[Activity]:
Transcribe the lines below exactly. No image belongs in the transcription.

[Stored data]:
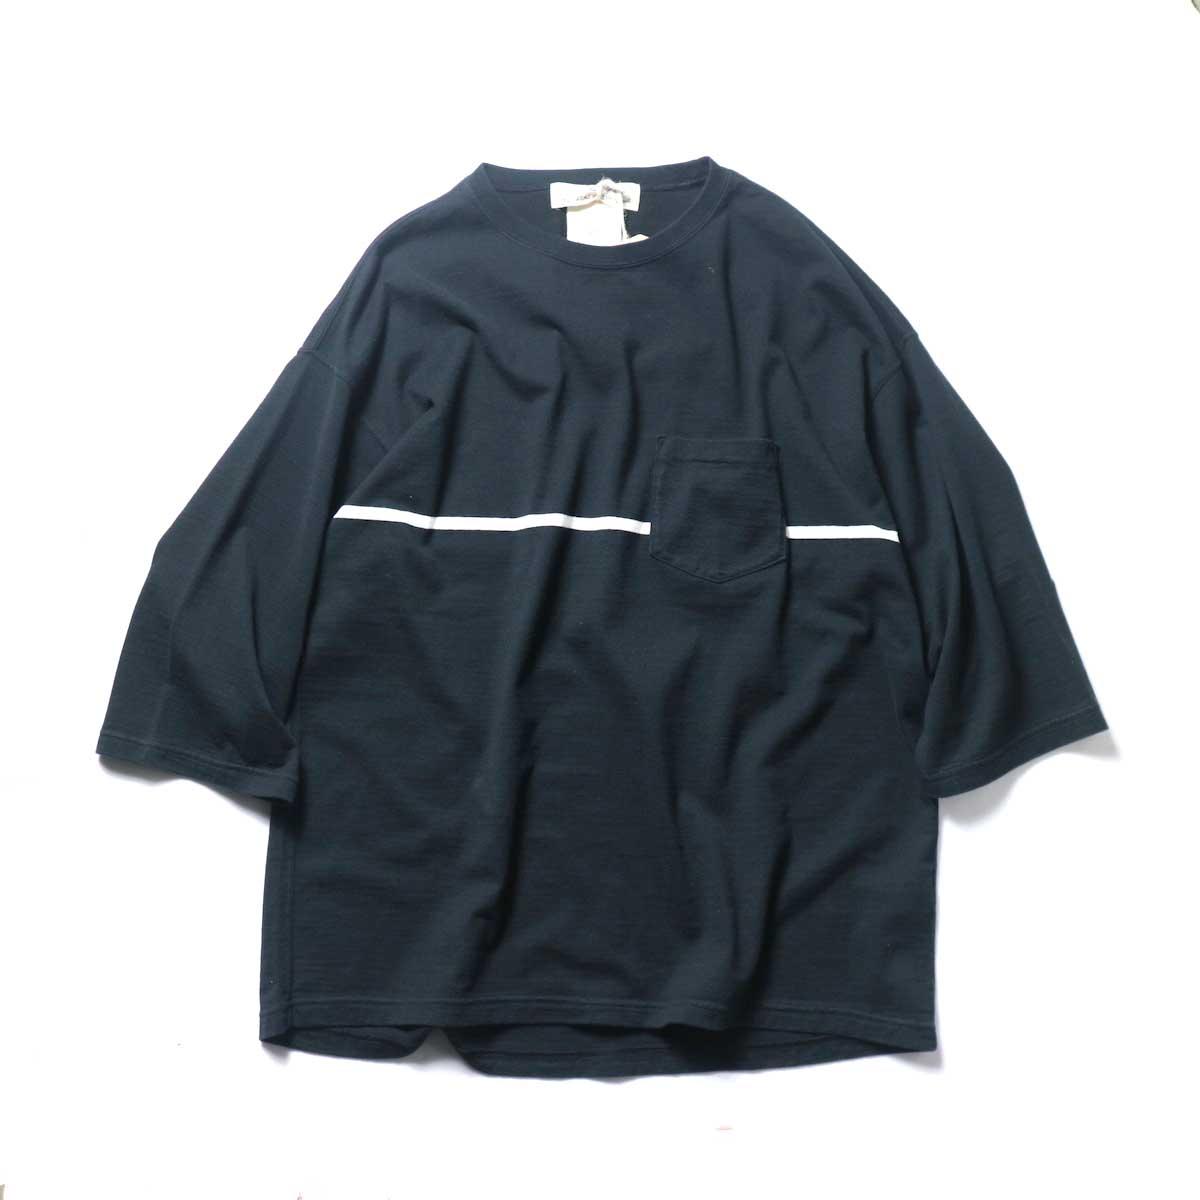 REMI RELIEF / 24Gパネル胸ボーダー七分袖 (Black)
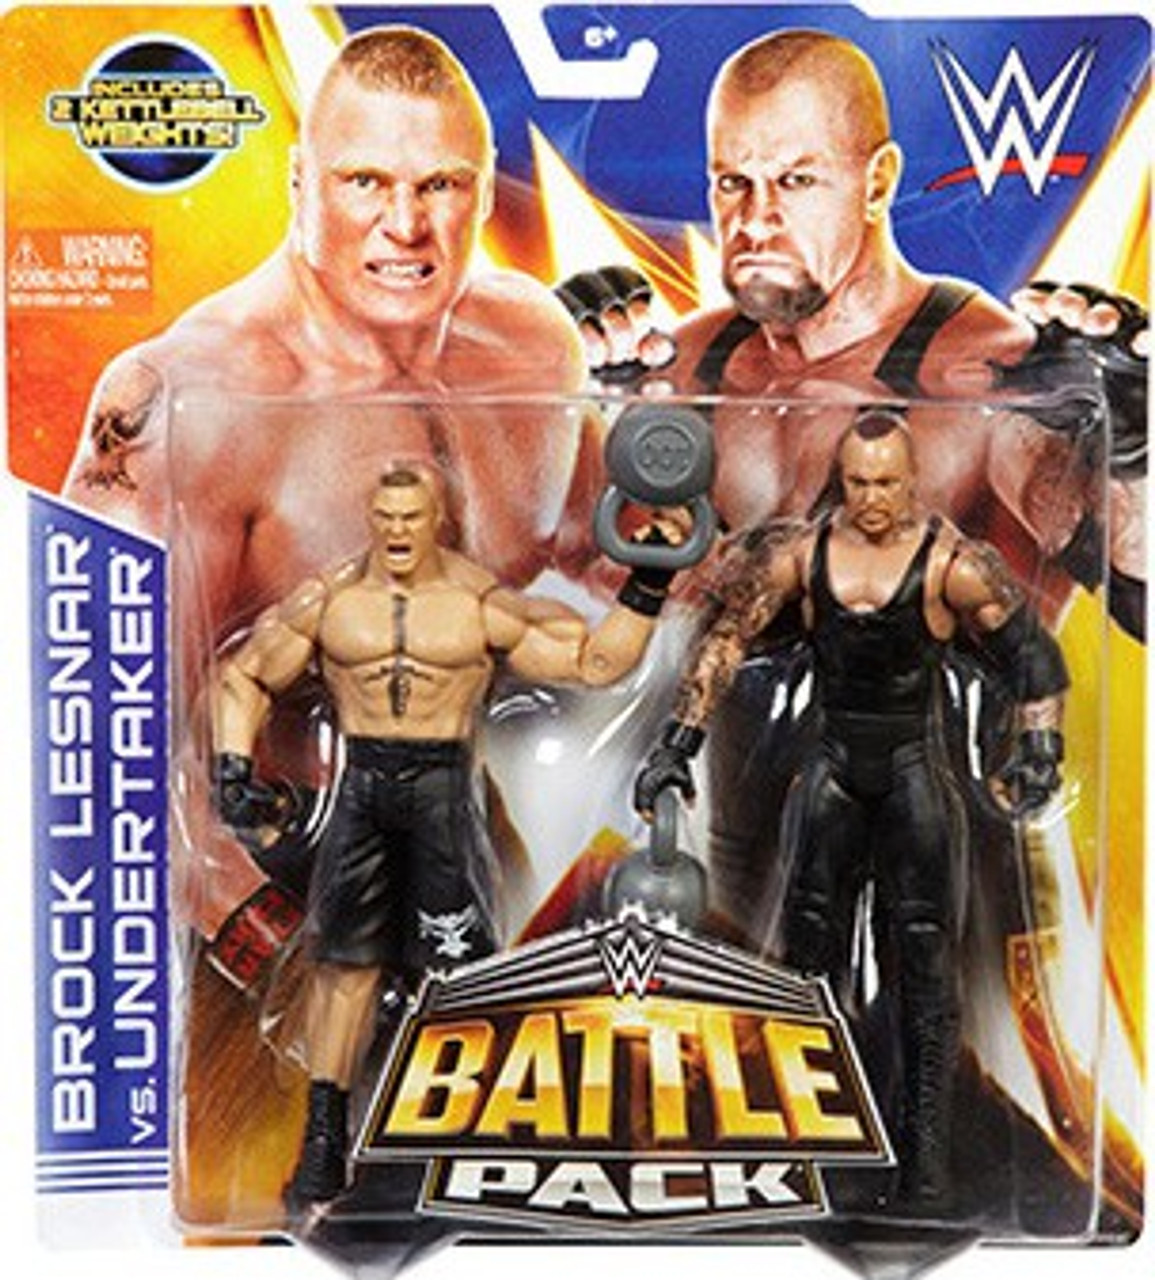 WWE Wrestling Series 30 Brock Lesnar & Undertaker Action Figure 2-Pack [Kettlebell Weights]
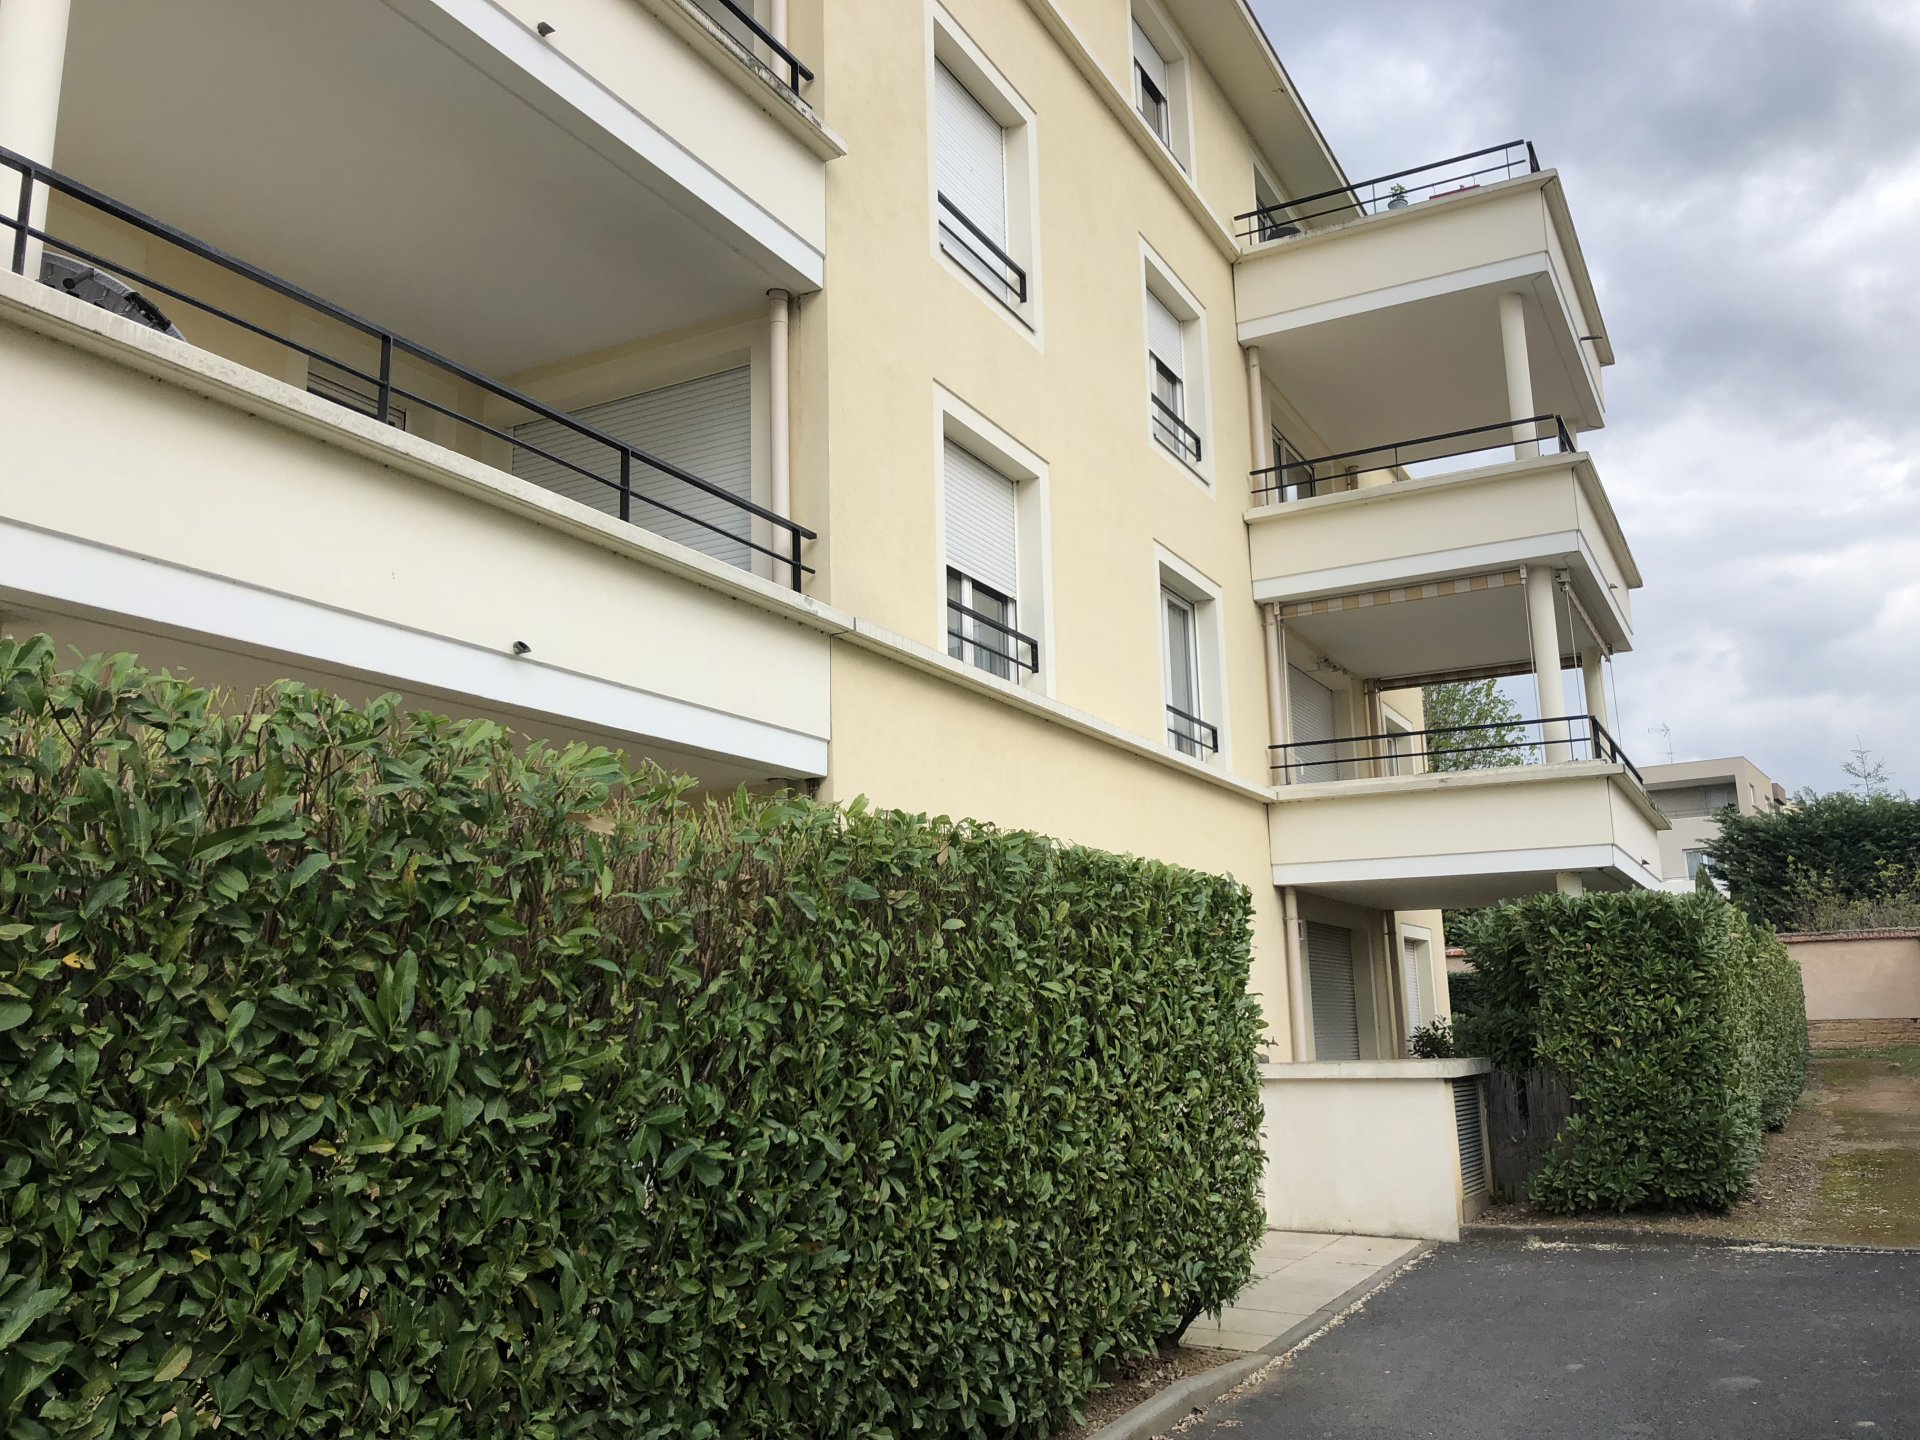 T3 avec balcon + garage

[Task response]:
 REMI RELIEF / 24Gパネル胸ボーダー七分袖 (Black)
 WWE Wrestling Series 30 Brock Lesnar & Undertaker Action Figure 2-Pack [Kettlebell Weights]
 T3 avec balcon + garage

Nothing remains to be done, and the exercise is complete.